It’s no secret that tequila was the hottest spirit of 2022, and emerging economic data from the past year further backs up its trending status.

According to The Ministry of Economy and the Agricultural Markets Consulting Group (GCMA), tequila exports amounted to $3.6 billion USD between January and October 2022 — a 34.1 percent jump year-over-year.

In 2012, Mexico’s tequila exports amounted to just $849 million, indicating a massive market increase over the past decade.

Beer remains Mexico’s top export (recording $5 billion between January-October 2022) but a rise in premiumization and newly-emerging markets may account for tequila’s faster growth.
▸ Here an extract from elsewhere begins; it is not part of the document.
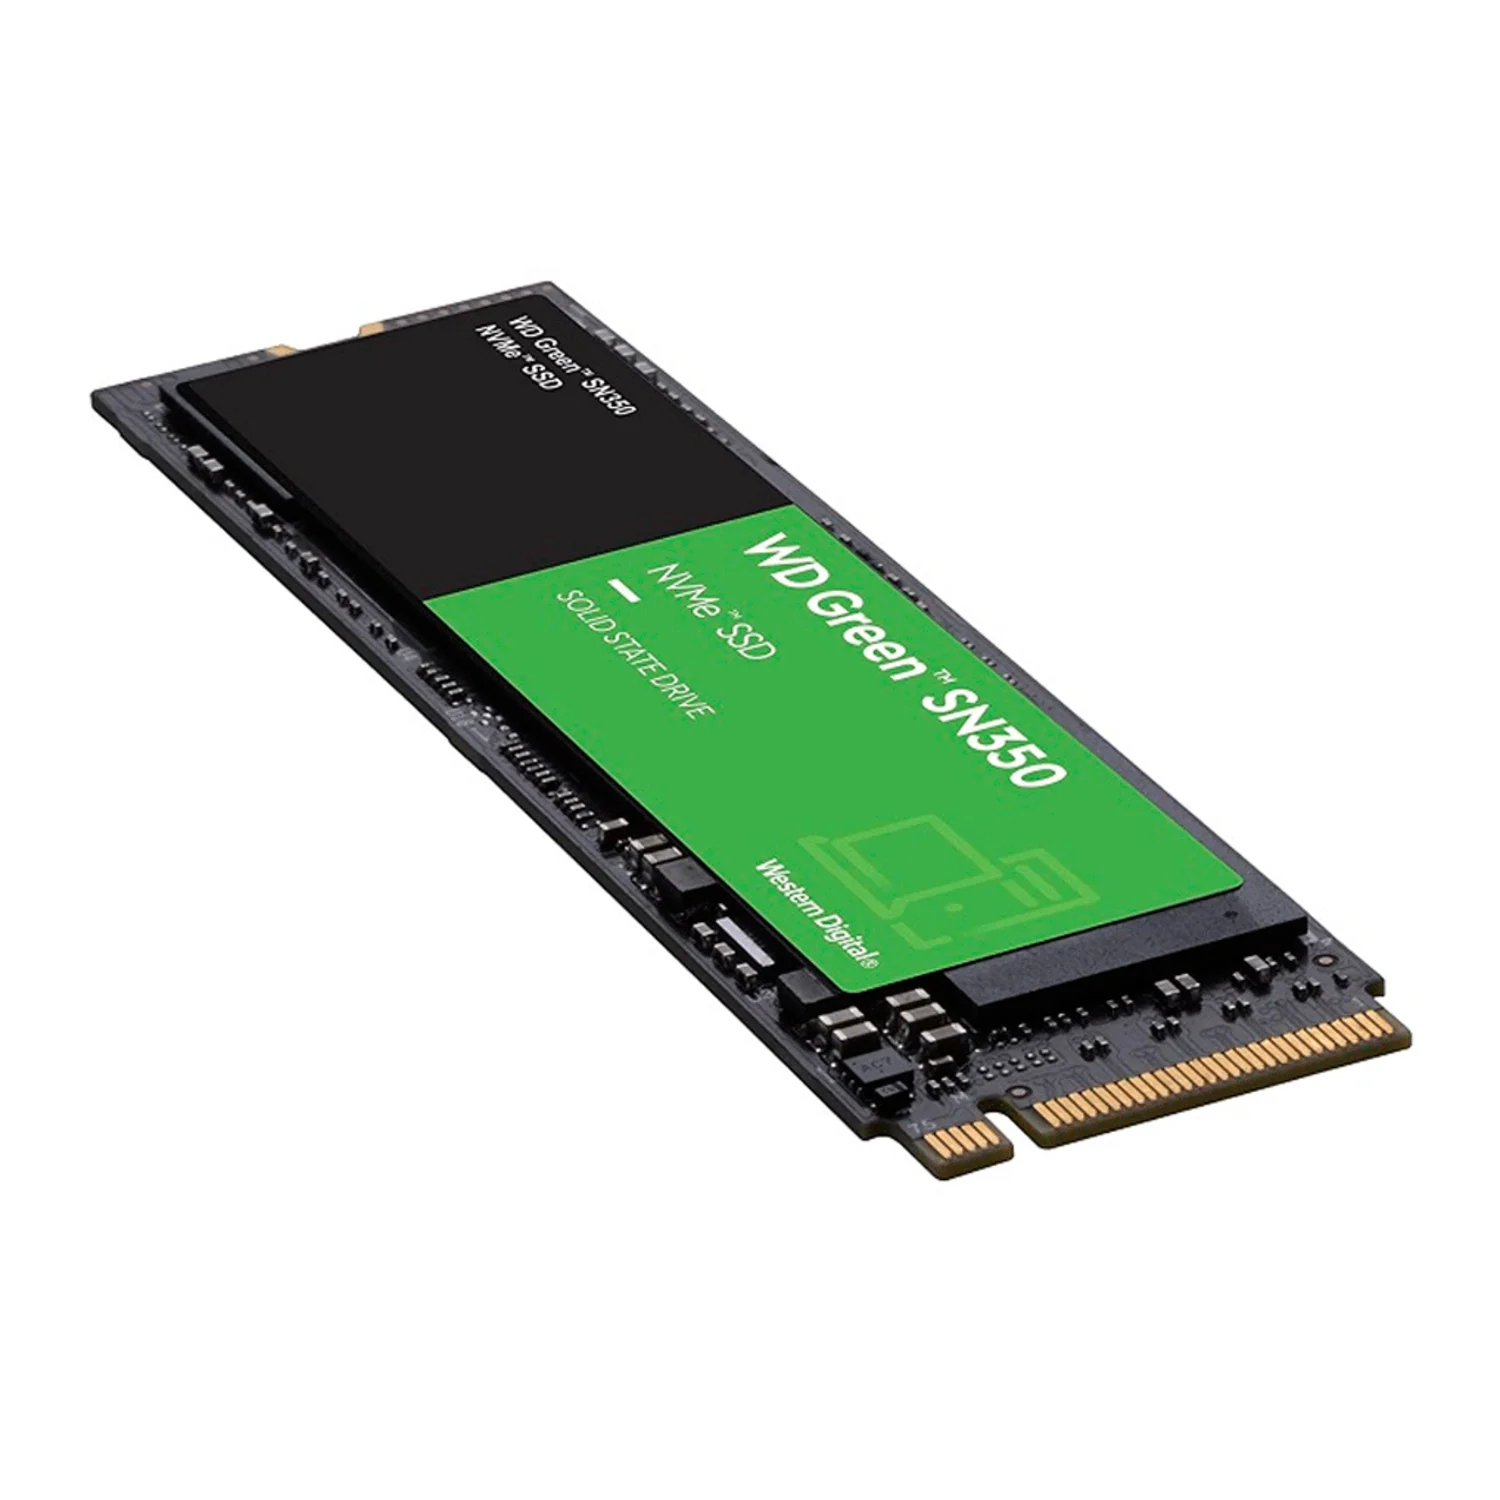 HD SSD Western 480GB Green WD M.2 NVME - WDS480G2G0C

While the tequila export market grew by over 34 percent this year, beer exports recorded a growth of just 8.9 percent over the same period.
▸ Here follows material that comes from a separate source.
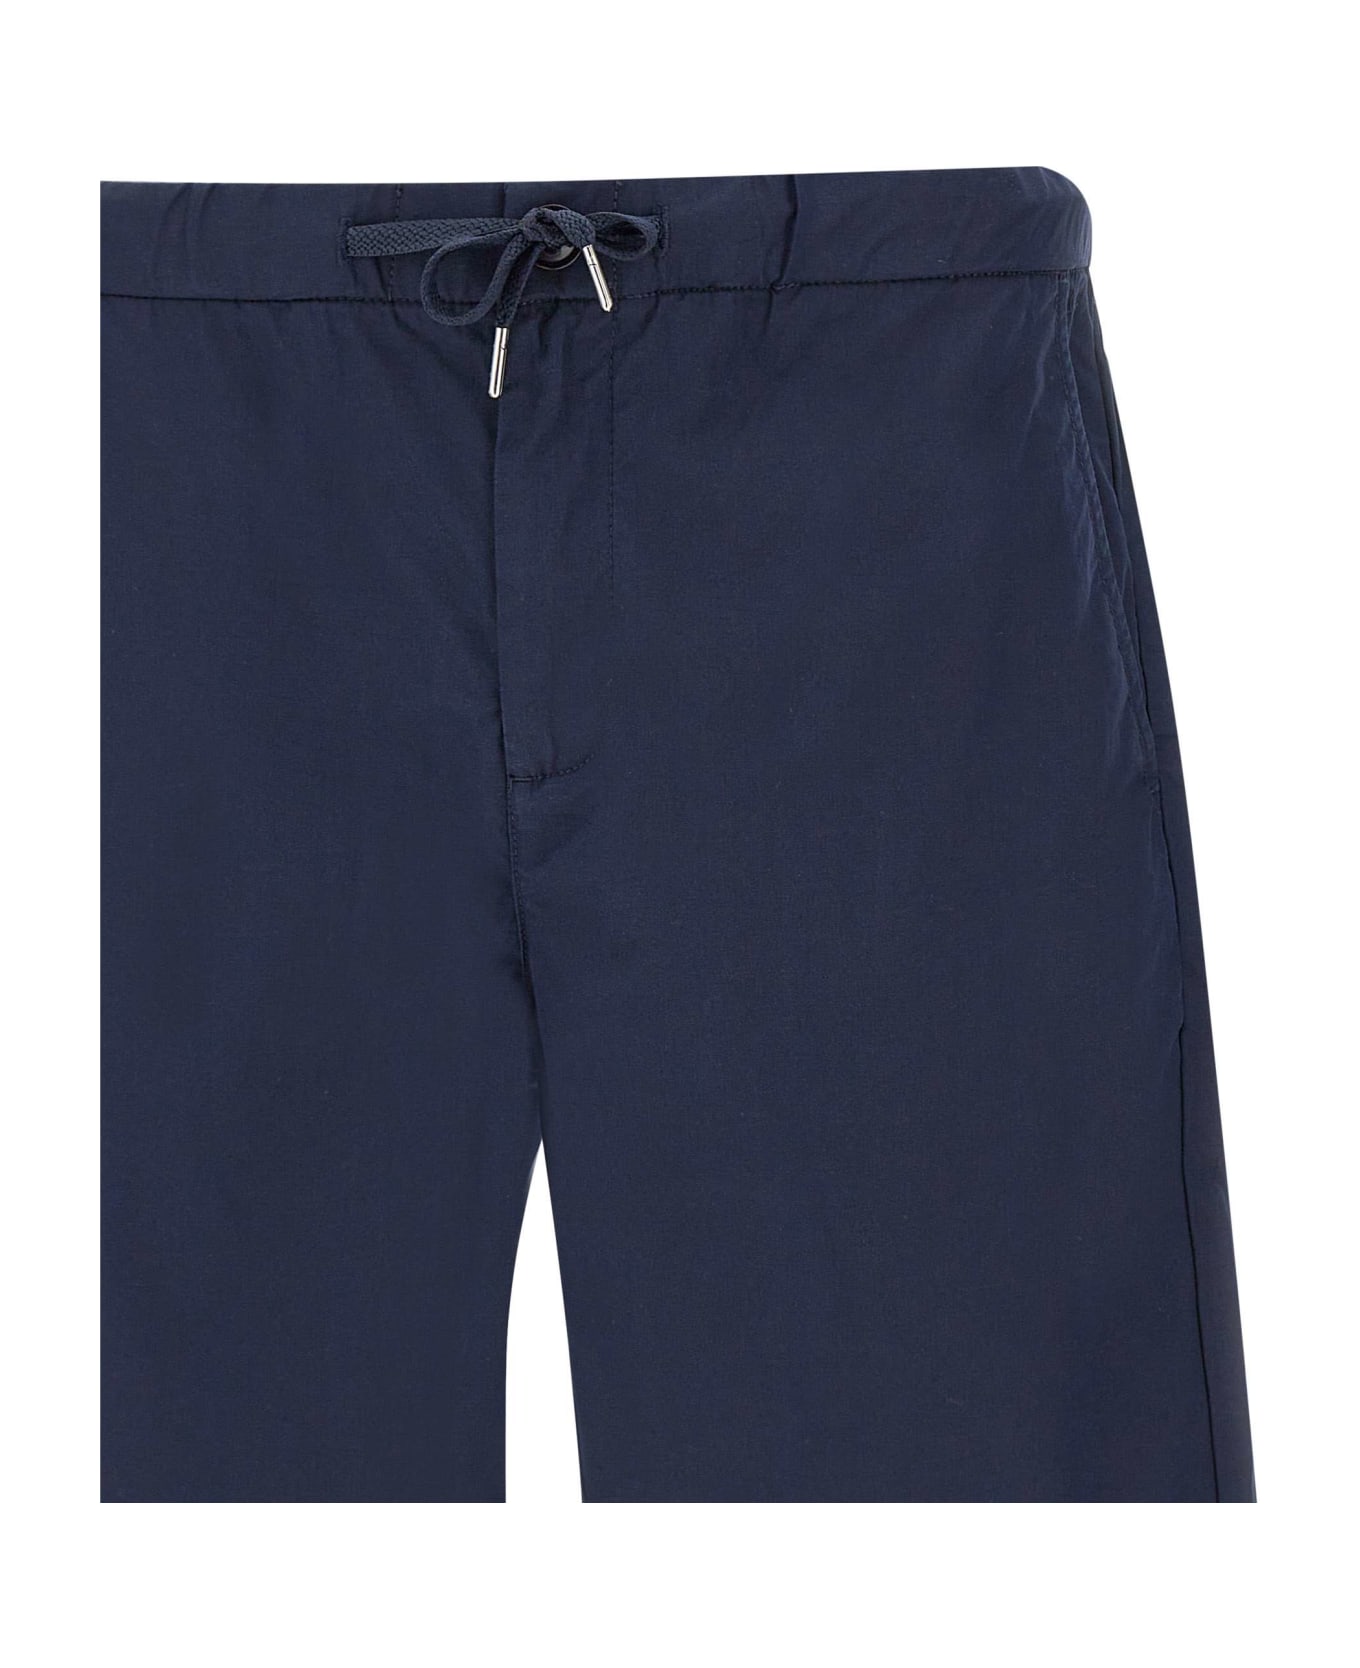 Sun 68 Shorts In Cotton - Blue

According to a Dec. 26 article by Mexico News Daily, Diageo projects the premium spirits industry to gain “600 million likely new customers by 2032,” spurred by increased incomes and expanding budgets. The spirits corporation estimates that some 50 percent of U.S. households currently buy spirits each year.
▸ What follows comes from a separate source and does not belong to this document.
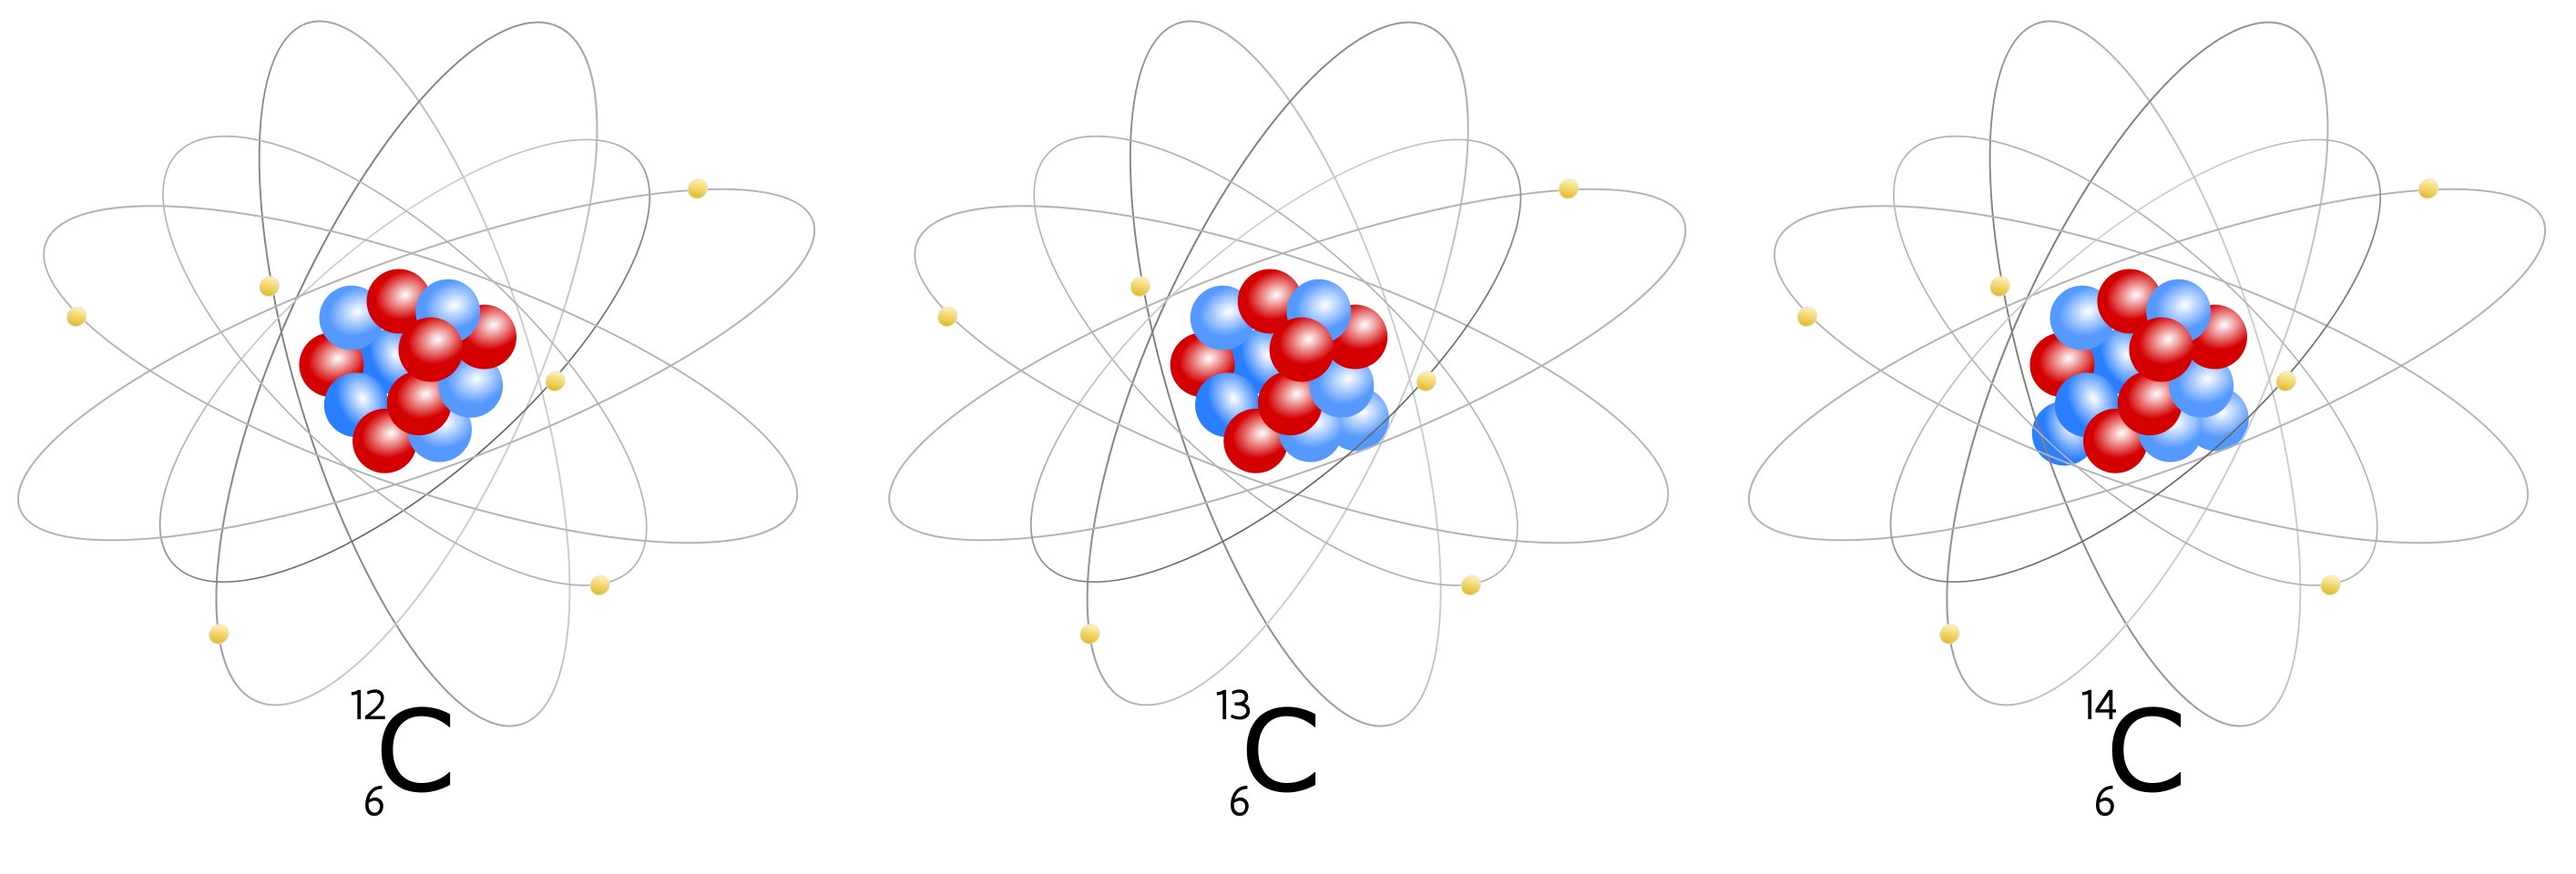 Atoommodel voor drie isotopen van het element koolstof. De isotopen ^13^C en ^14^C hebben respectievelijk één en twee neutronen (blauw) meer in hun atoomkern dan de meest courante koolstofisotoop ^12^C. Het aantal protonen (rood) blijft gelijk.

This isn’t the first time that the numbers have signaled booming consumer interest in the agave spirit. Drinkers are increasingly choosing premium tequila over vodka in the U.S. nightlife scene, according to a December report by CGA by NielsonIQ. Blanco tequila is an especially popular call at the club — in 2022, Los Angeles establishments recorded a 127 percent increase in consumption volume, compared to last year.

For tequila producers in Mexico — and industry professionals across the world — 2023 is looking bright.